# Is there a better gun?



## yareelohim (Apr 29, 2008)

am getting paid to shoot squirrles right now so I went to Big5 to buy a pellet gun. I bought the Remington Summit retailed at $250 for $170.

This is my first pellet gun and the finish on it is incredible. I love the weight and the looks of the gun, however, i don't think it is as accurate as I would like. The scope on it is really nice but I get it sighted in and a few minuest later its off. I am not sure if its the gun or the scope or maybe the pellets. I am using crossman premier hollow point hunting pelletes. I am trying to get headshots at about 50 yards on ground squirrles. So far they have been really close and mostly neck shots.
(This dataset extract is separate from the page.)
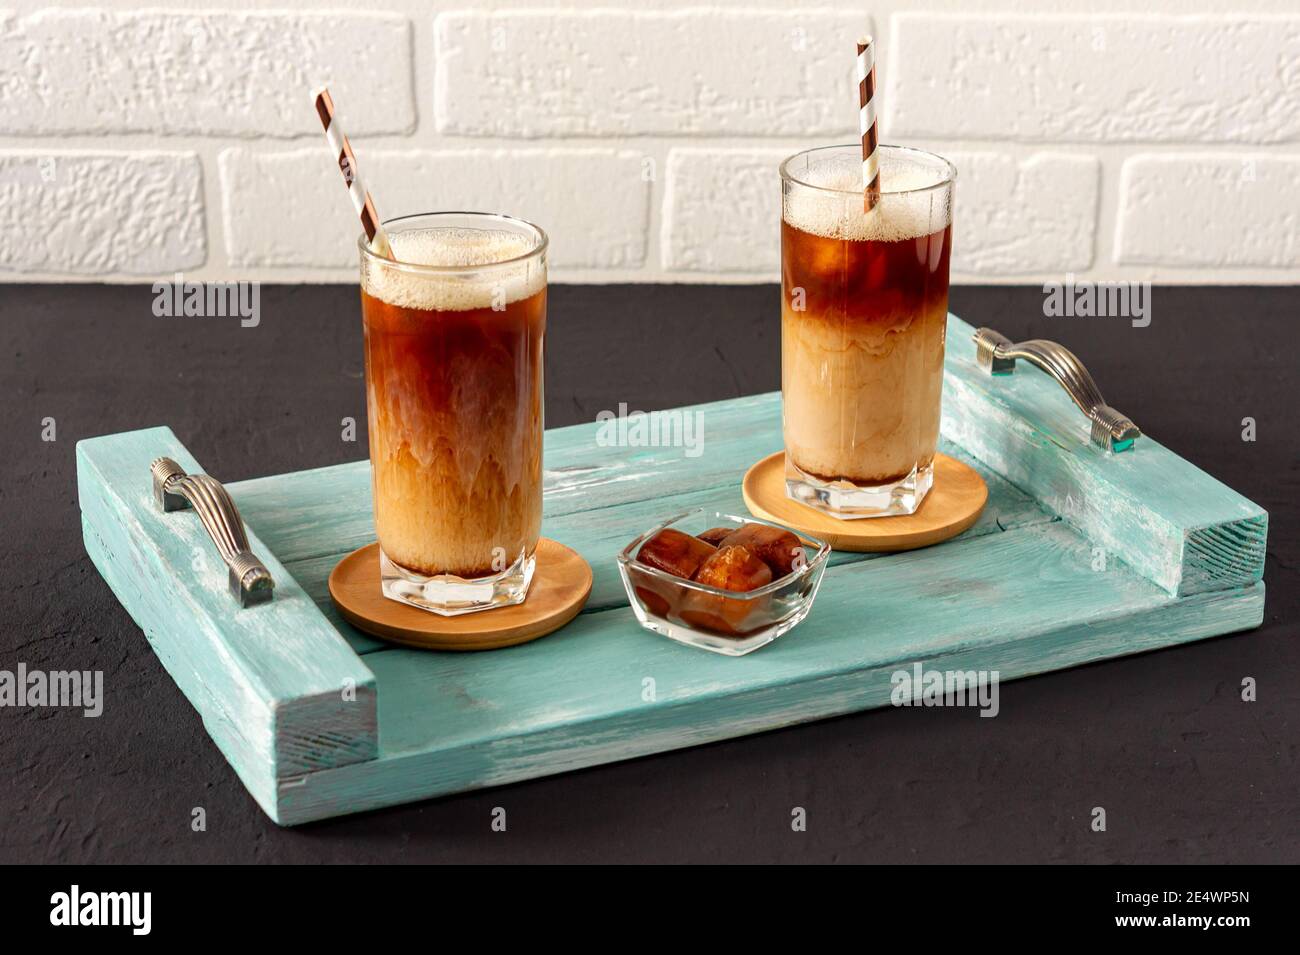 Un café glacé sur un plateau en bois avec de la crème versée dans celui-ci montrant la texture et l'aspect rafraîchissant de la boisson. Banque D'Images

My question is, is there a better gun I can get for killing squirrles out to 50 yars and maybe beyond that? What would be the most accurate gun within this price range? I would like a great scope, one that is at least 9x.


----------



## smk (Apr 30, 2008)

Daisy Red Rider with a compass in the stock.......


----------



## darkgael (Feb 10, 2006)

First, 50yds. is a LONG shot for a pellet gun. No matter what pellet gun. That being said, are there better pellet guns for your purpose? Yes. Look for guns designed for Field Target competitions.
The possible problem is that the really good ones will cost as much as (or more than) a highpower rifle. The Daystate air guns are an example. Check this link for them and others: http://www.pomona-airguns.com/index.html
That is a top line gun. But the price is a turn off. 
Look for PCP rifles at Pyramid Air:
http://www.pyramydair.com/

There are a lot of choices in powerful airguns from many mfgs. The problem that you'll keep running into is that most of them are not designed to shoot at the distances that you have cited.

Pete


----------



## Woogie_man (Nov 18, 2006)

for time after time 50 yard shots... get a good PCP rifle .... look at an AirForce TalonSS..

www.talontunes.com
www.talonairgun.com

look at those sites ... lots of good info and lots of good guys on there


----------